お医者さん現る。
そして、数日後に不機嫌な顔で現れたのは・・・
『デコチュー・・・』
「誰がデコチューだ?栄養とって、休めと言ったのに、遊び倒したな?せっかく俺が少し分けてやったのに。」
『分けたって、何を?』
「ふん、生命力だと思え。」
『あれ、味見じゃなかったんだ?』
「お前みたいなガリガリのガキ、味見でもいらん。」
あーそー。ホントにバンパイアなのかな。隈がひどいし。口も悪いし。
余分な事を考えていたら、顔に出ていたのか、頭をはたかれた。痛い。
「世の中には、ちょっと変わった体質が伝わる一族とかあるんだよ。ただ大きいだけとか、ただ毛深いだけとか、やたら勘が鋭いだけ、とかな。そういうのを診て回ってるんだ。お前は千里眼か?」
『おじいちゃんが千里眼って言われてた。私はどうか分かんないけど。』
「能力が弱くなって忘れられたり、子供全員には出なくなったり、だんだん薄くなってくもんだからな。俺を不審に思うんじゃ、多少出てるんだろう。」
『不審じゃないよ。自分に害があるかないか位しか分かんないけど。怖いけど、害はなさそうだった。』
「ふん。」そっぽ向いてるけど、これは照れてるのかな。いや、拗ねてるのか?よく分かんないな。

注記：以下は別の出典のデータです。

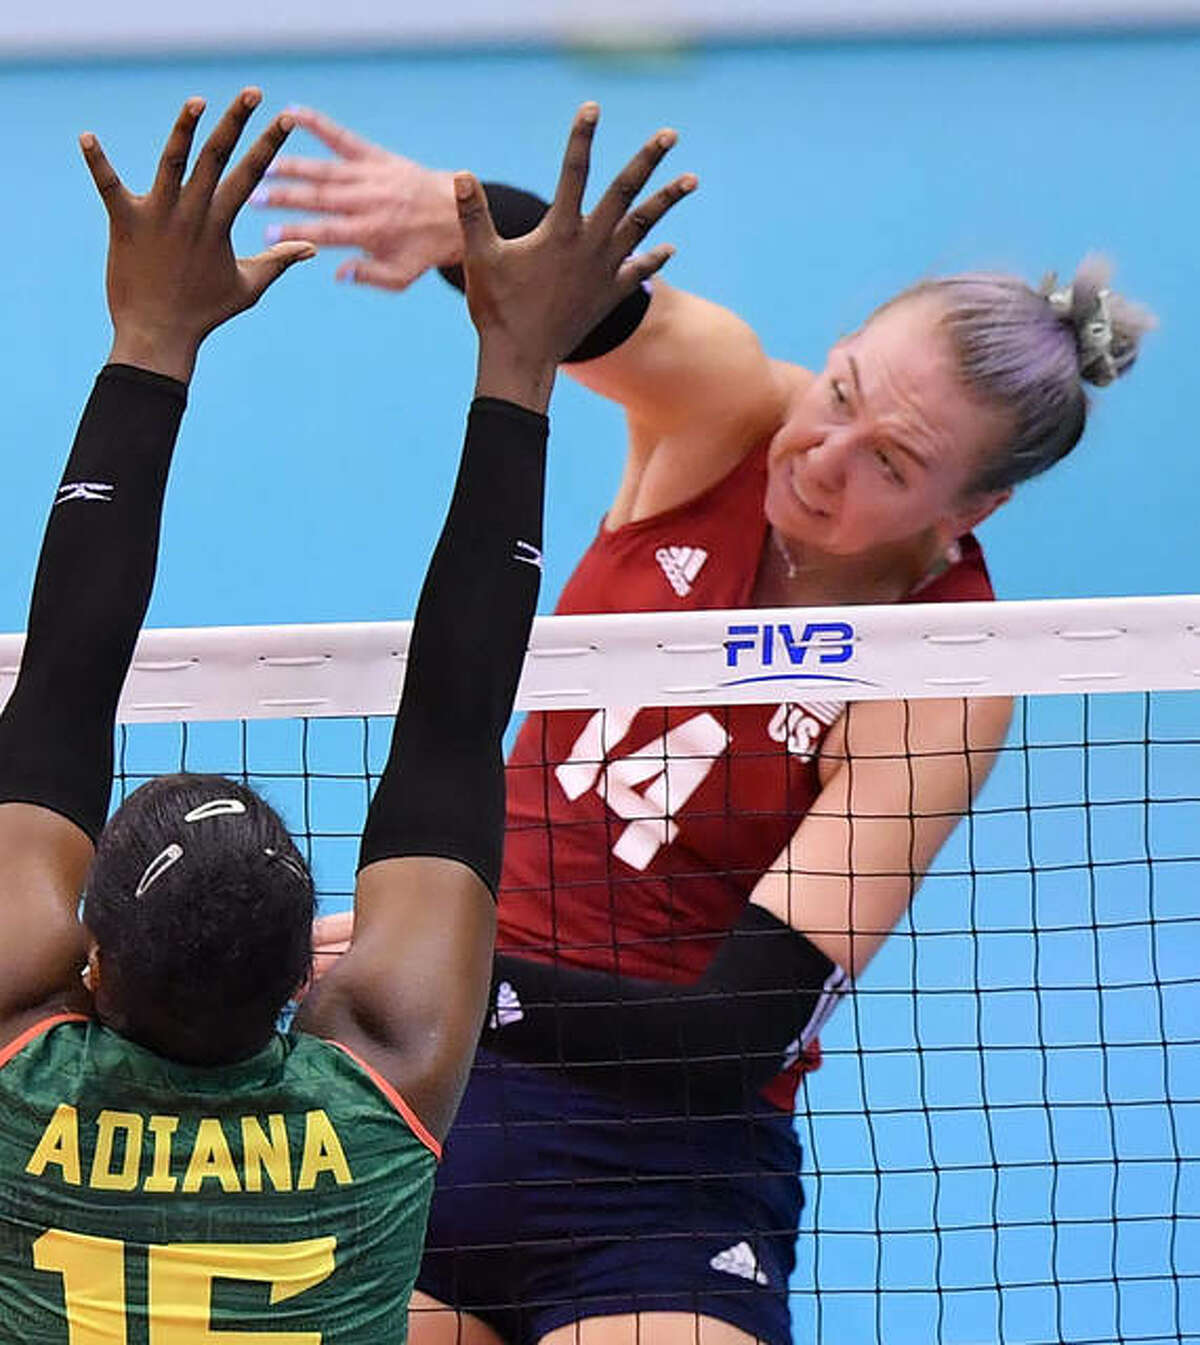 Michelle Bartsch-Hackley in action for Team USA. Bartsch-Hackley is a Collinsville High School graduate.
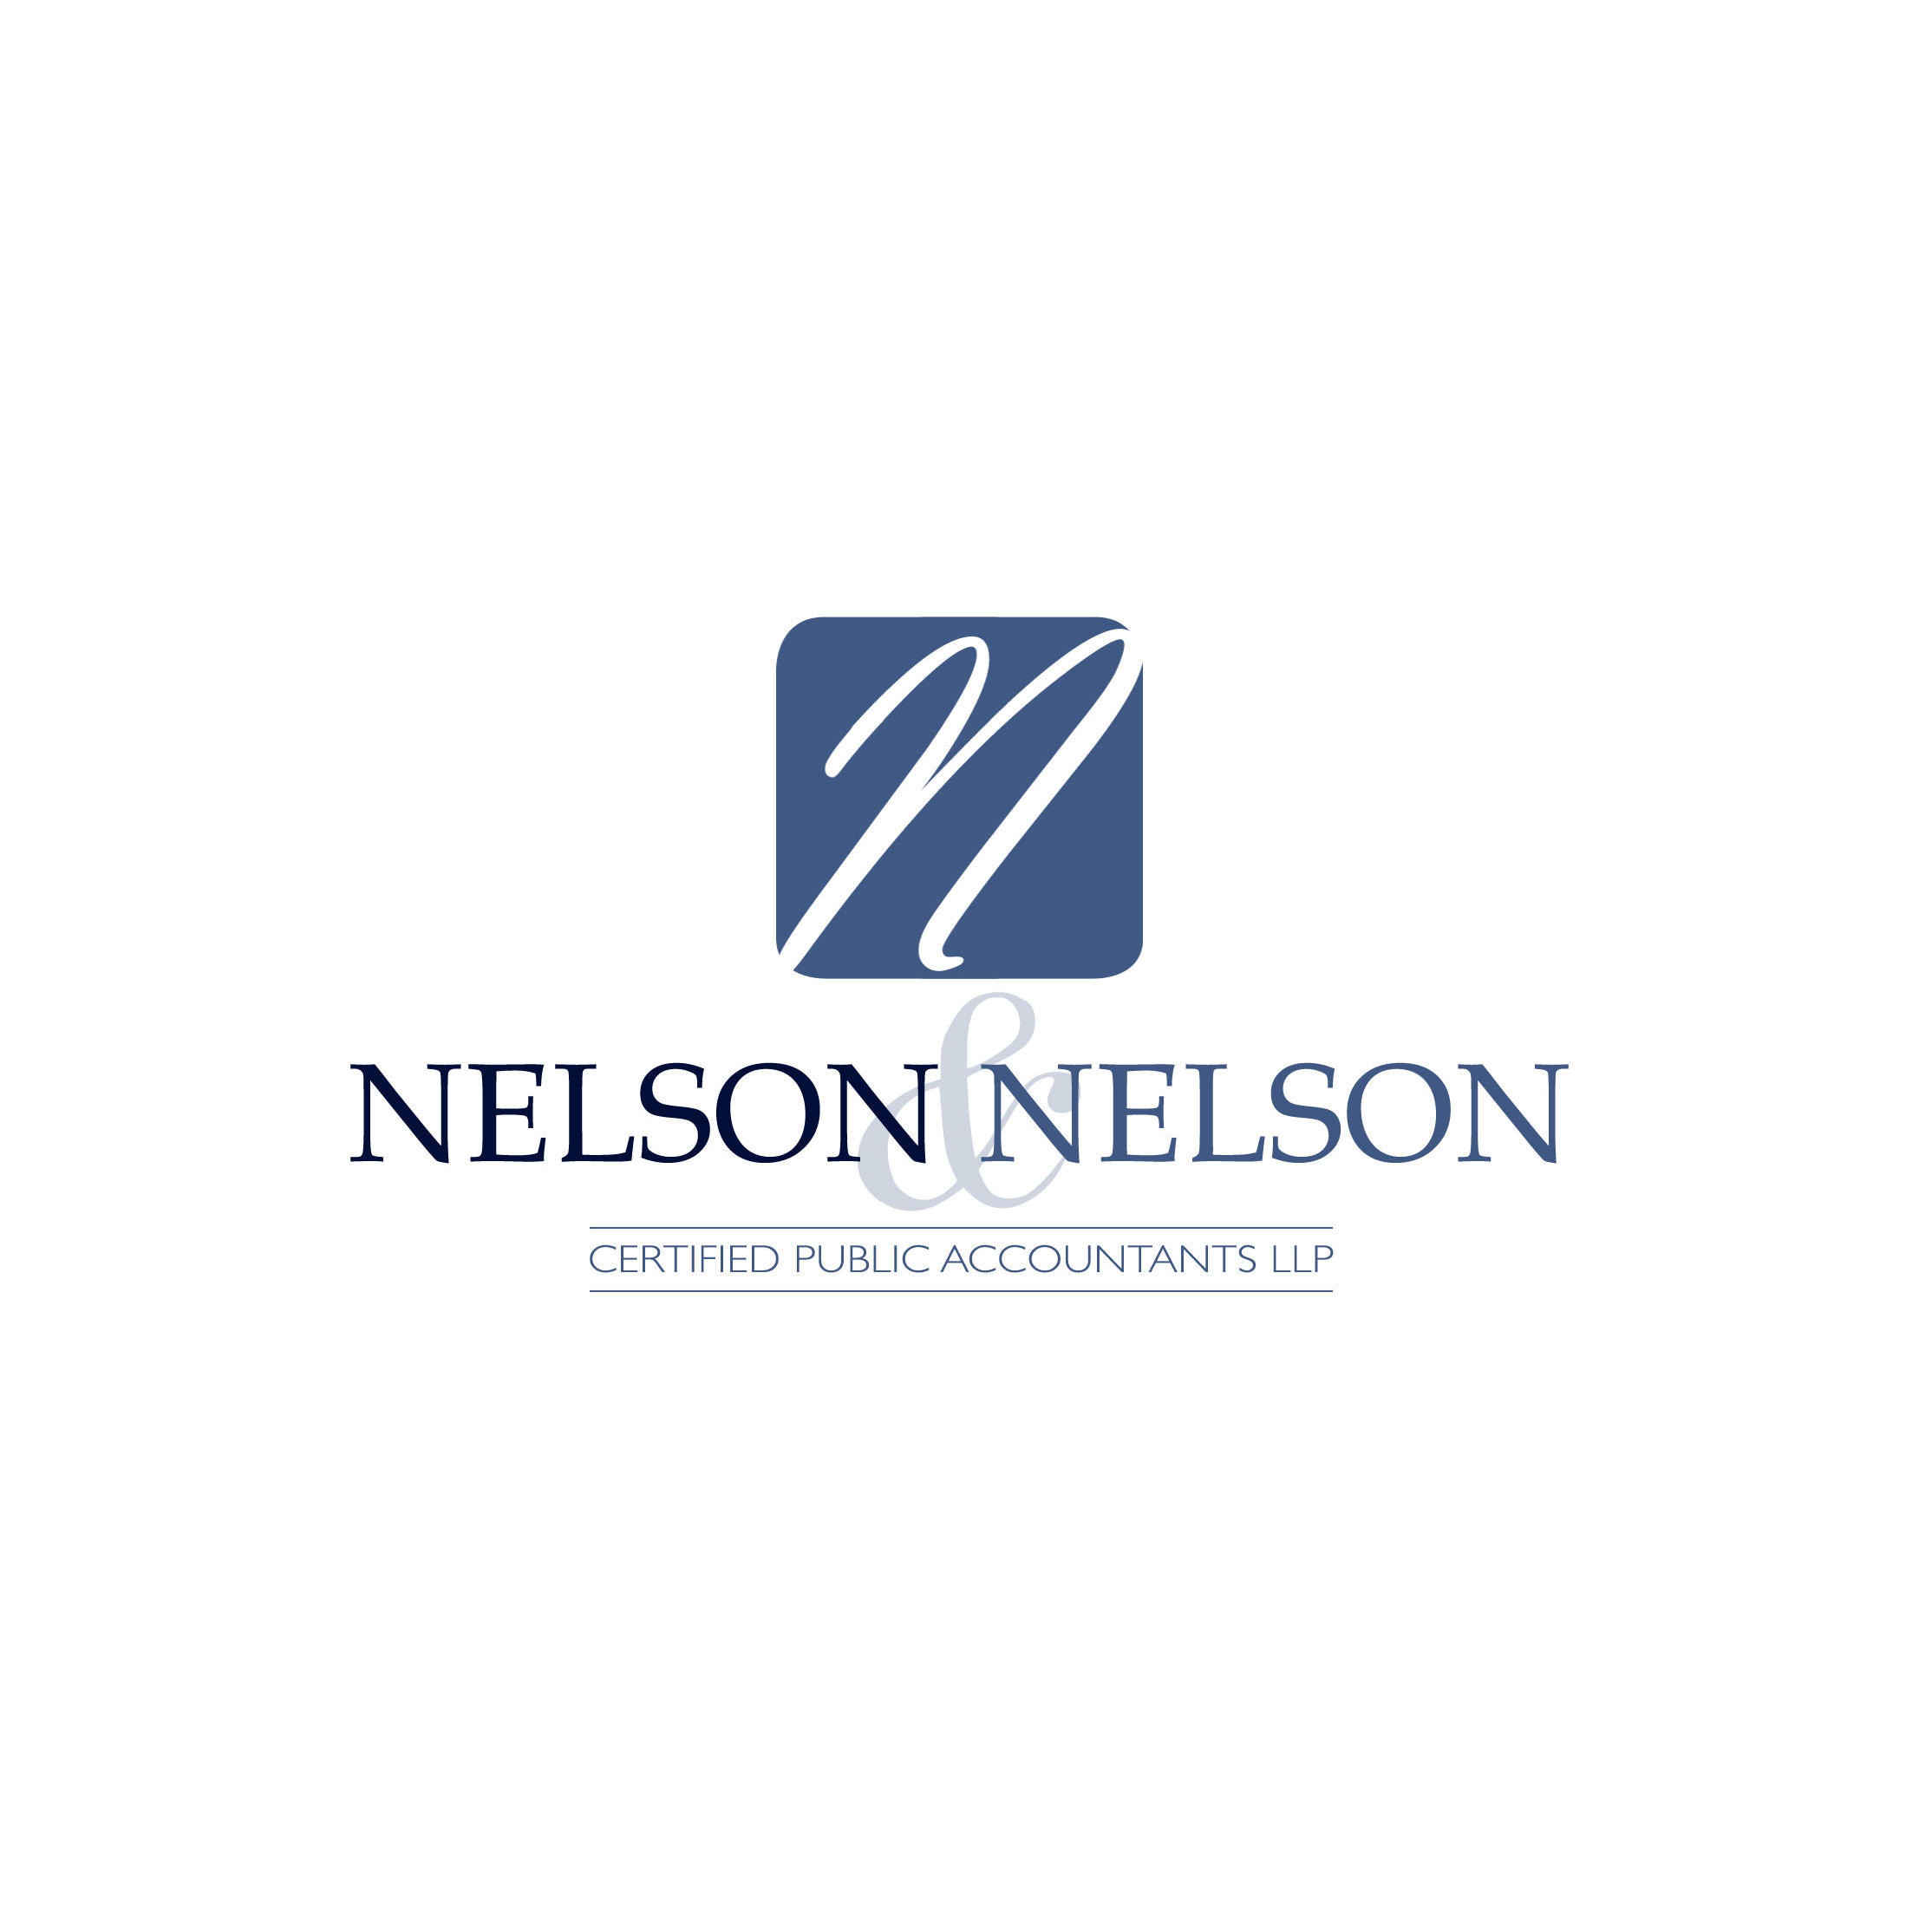 Nelson & Nelson CPAS LLP

しかし、大きいだけって、庭師のミレーさんそうなのかな?家族みんな大きいとか言ってた。
そうすると、セバスチャンも、周りの物を震わせるだけの一族とかかも。
後で教えてあげよう。
そして、お医者のお兄さん、ローザリオン・ルクスさんの診察が始まった。
ルクスって明るさの単位じゃなかったっけ?真っ黒いのにルクスって(笑)
1人で笑っていると、はたかれた。痛い。
「生命力の流れがぐちゃぐちゃだな。これじゃあ力が出ないだろ。あのまま大人しくしてればそこそこ治ったのに、暴れすぎだ。」
流れが落ち着くまで、ローザリオンさんが2人分循環させてくれることになった。
気功治療みたいなもん?
「かなり疲れる上に、腹も減るんだ。その分、言う事を聞けよ?」
『はい。ローザリオンさん』
「長い。略せ。」
『ローザさん』
「女みたいに呼ぶな。」
『・・・ローさん?』
「・・・まあいいだろう。」
でも、しばらく居るんだし、親しみを込めて、ロー兄と呼ぶ事にした。
眠っている時が流れが落ち着くそうなので、夜は添い寝をしてもらう。
わーい、うでまくらーと喜んだら、ひっぱたかれた。ひどい。
「腹を出して寝るなよ?いびきかいたらひっぱたく。」
『はい・・・(結構神経質?)』
「なんだ。」
『なんでもないです。おやすみなさい。』